WORK TO COMPLETE -
The copy should begin at the line containing "Attaque à l’épée" and end with the last line below, every line exact and no picture included.

DATA BELOW -
━━━━━━━━
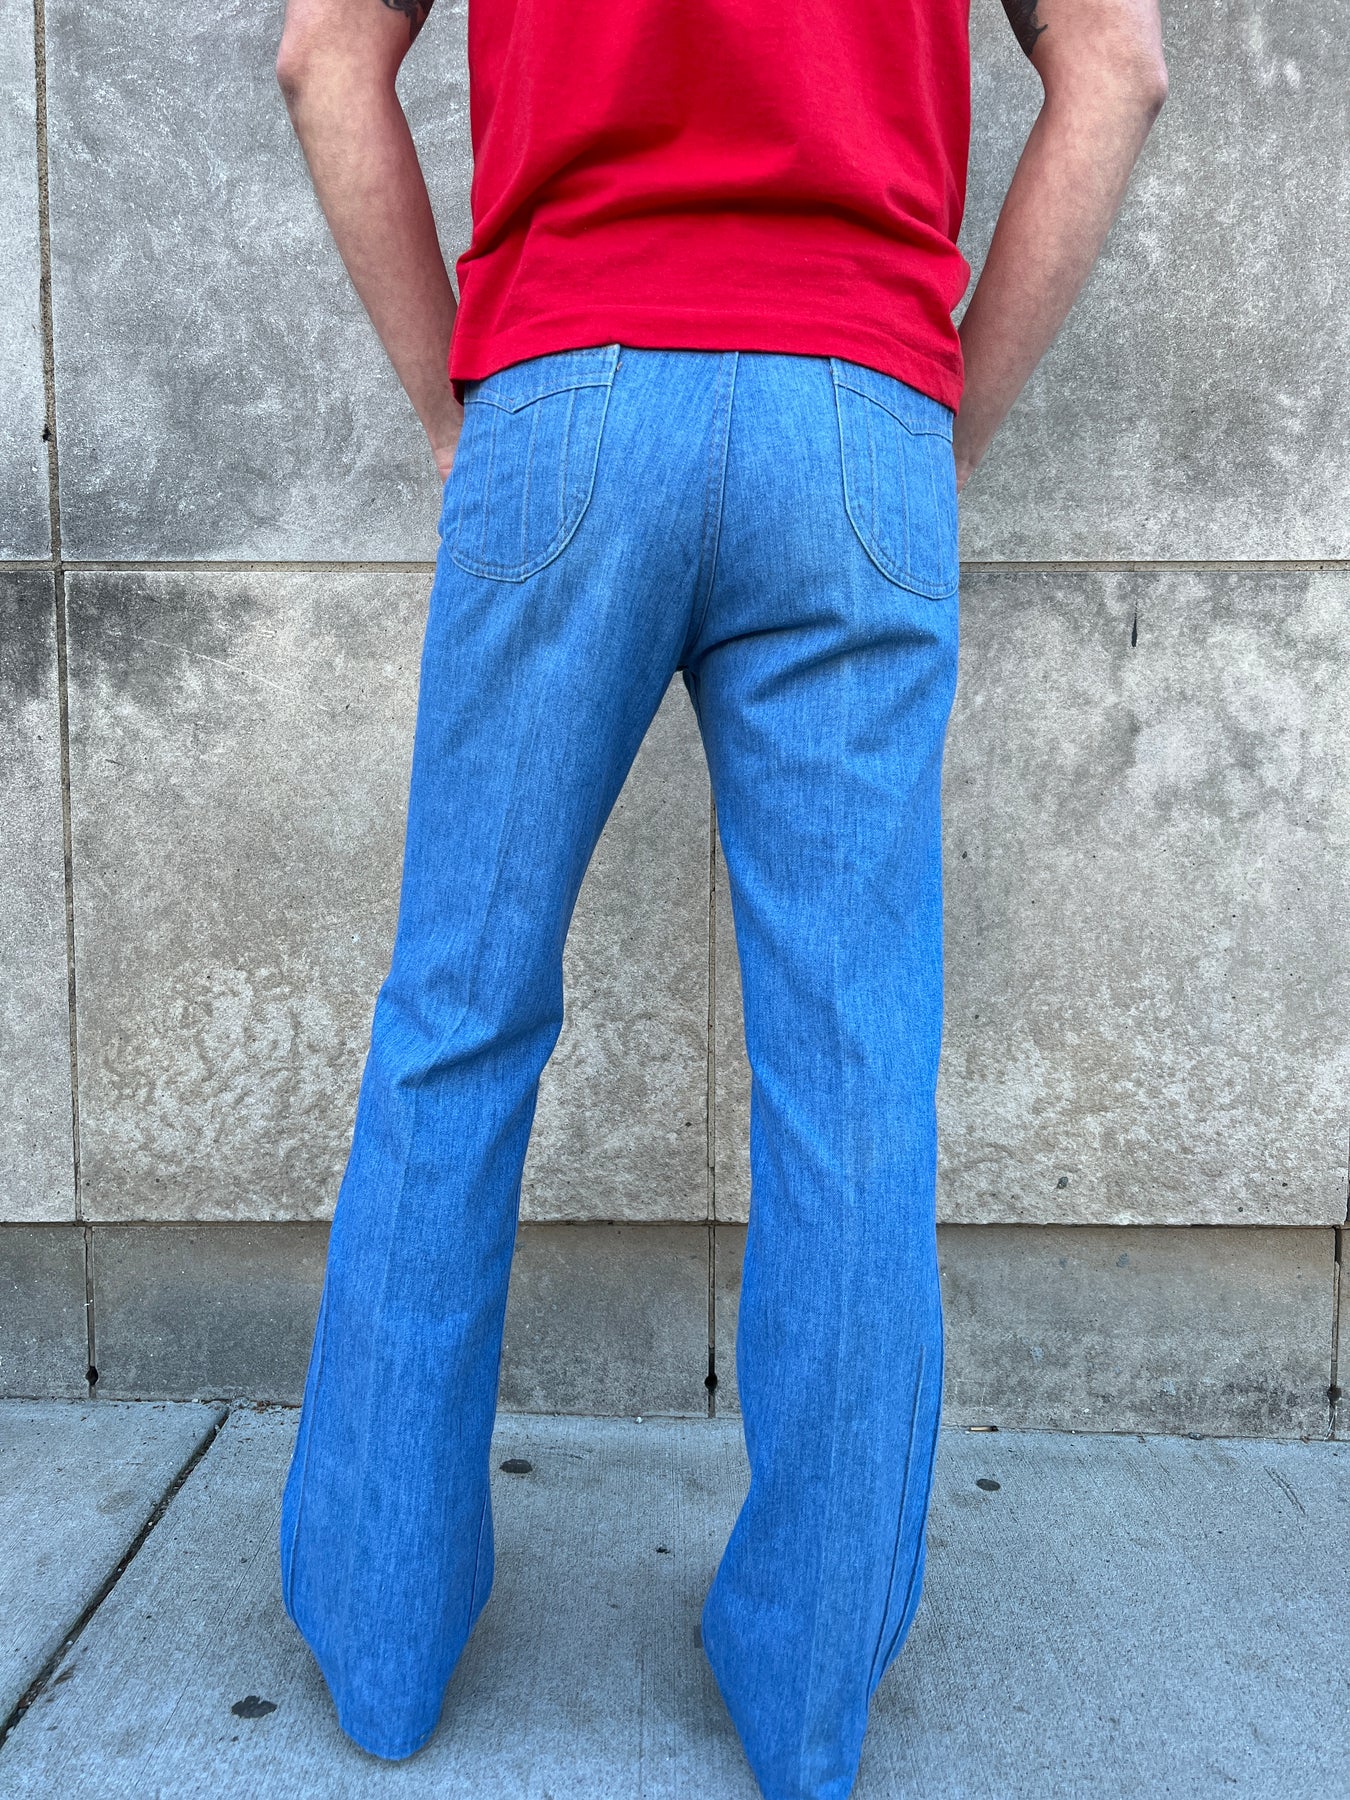 Levi's Vintage Bell Bottom Jeans 1970s Flared Denim -  Denmark
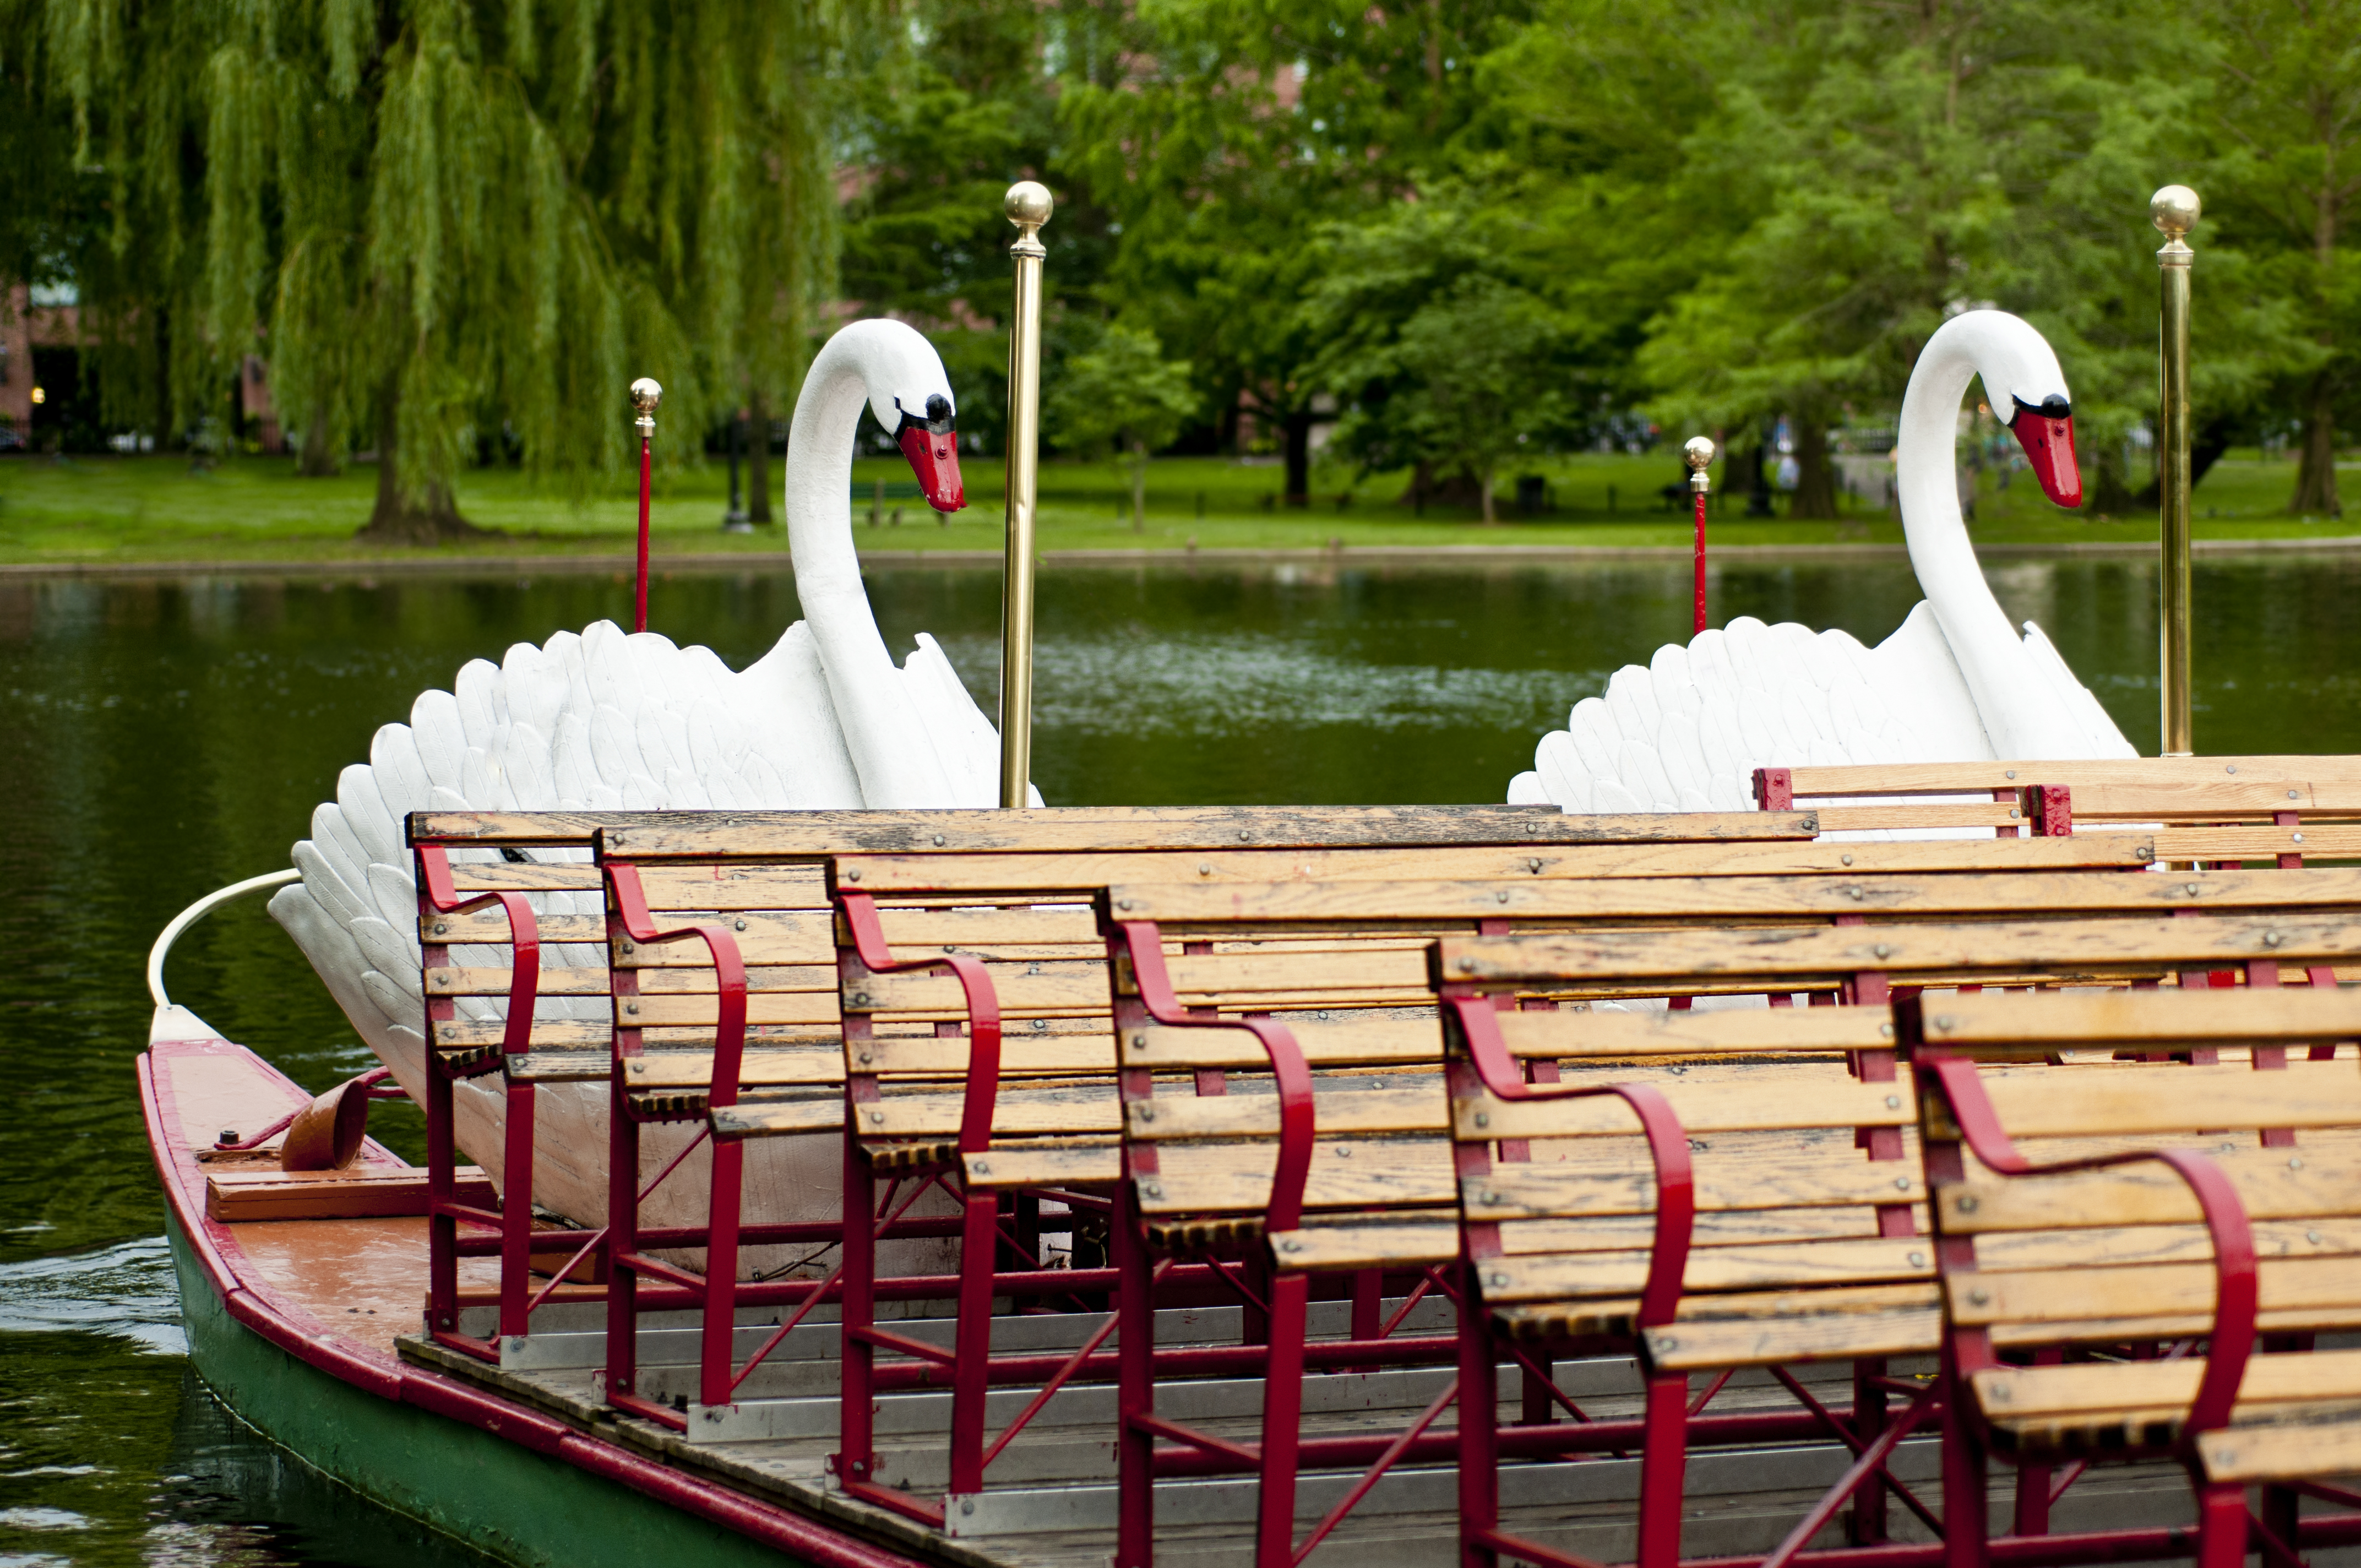 Best Things to Do in Boston - Swan Boats in the Public Garden
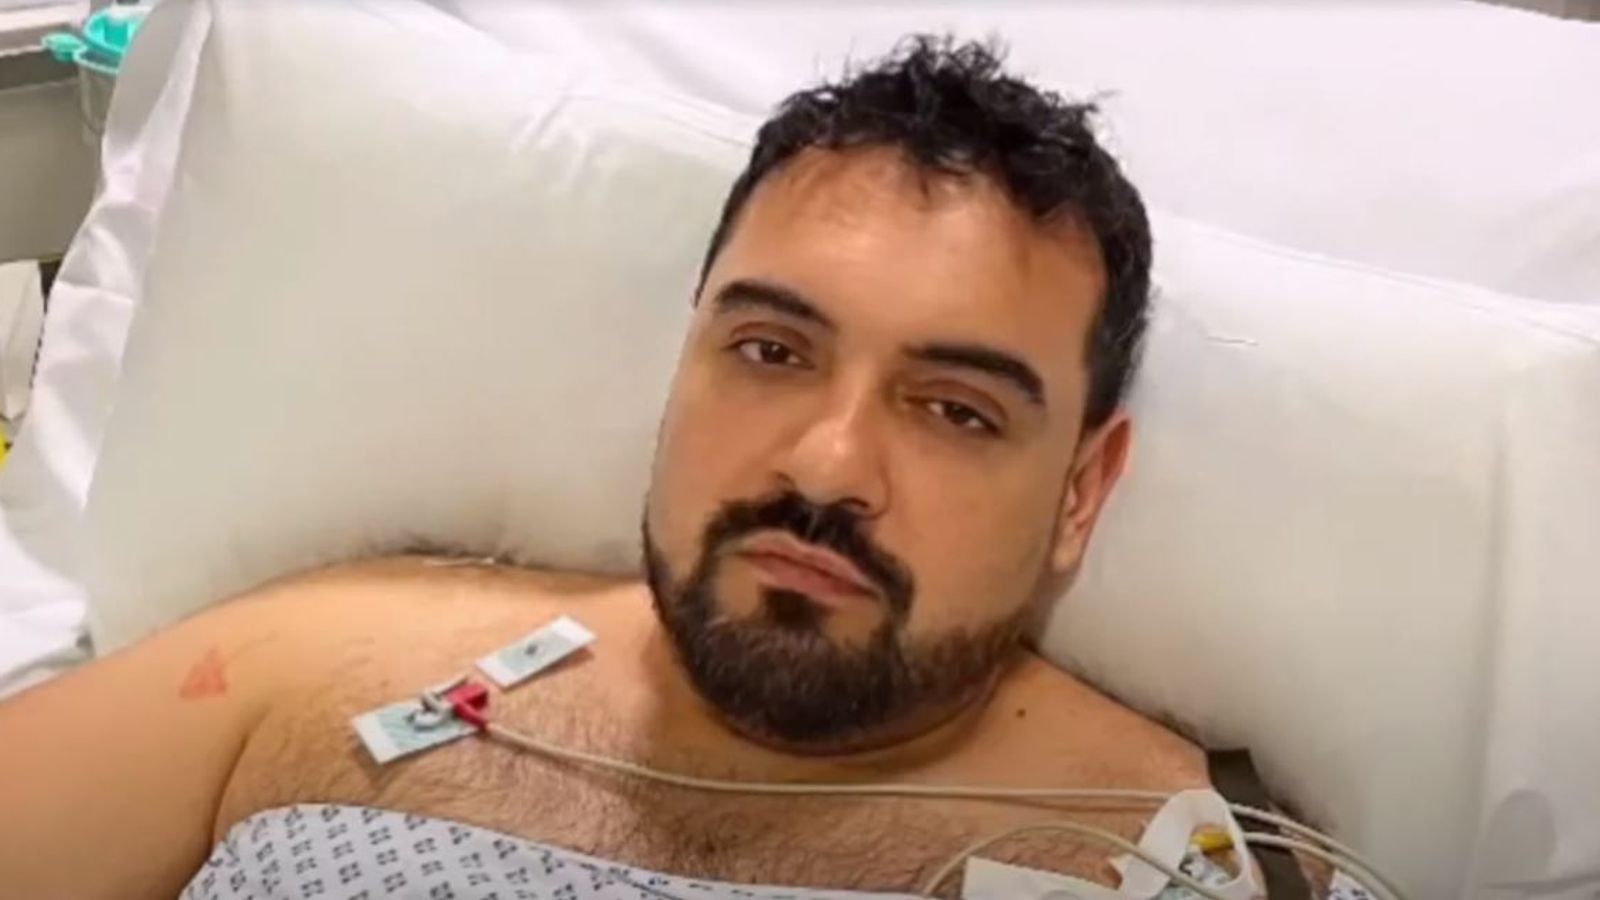 Attaque à l’épée du Hainaut : un homme blessé au couteau remercie le NHS de lui avoir sauvé la vie |  Nouvelles du Royaume-Uni
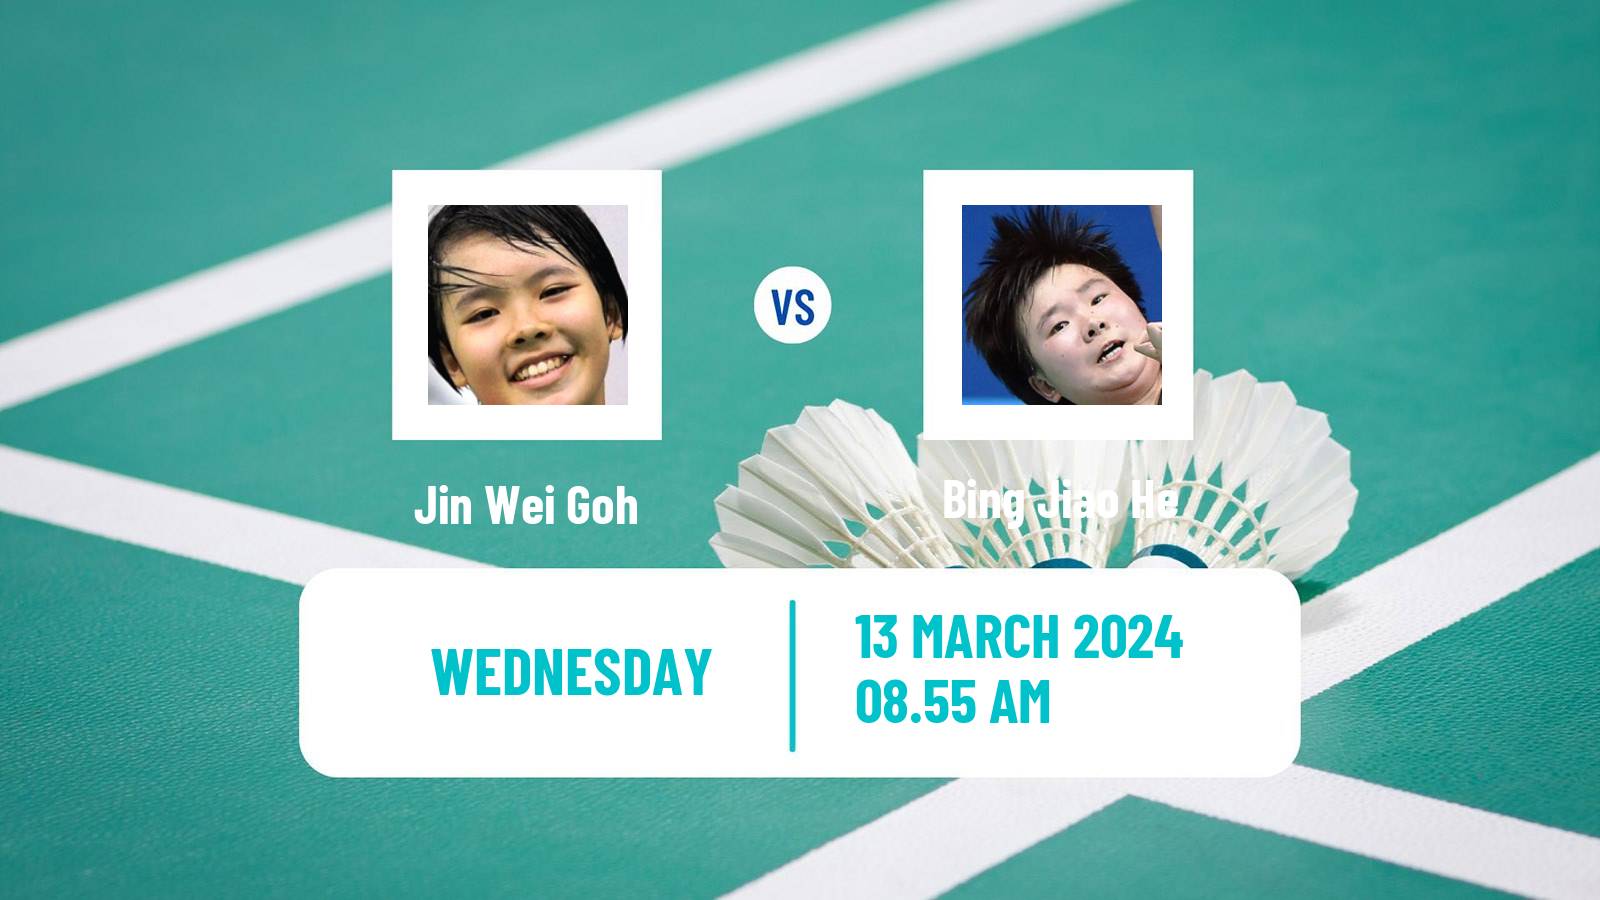 Badminton BWF World Tour All England Open Women Jin Wei Goh - Bing Jiao He
━━━━━━━━
EXERCISE OUTPUT -
 Attaque à l’épée du Hainaut : un homme blessé au couteau remercie le NHS de lui avoir sauvé la vie |  Nouvelles du Royaume-Uni
 Badminton BWF World Tour All England Open Women Jin Wei Goh - Bing Jiao He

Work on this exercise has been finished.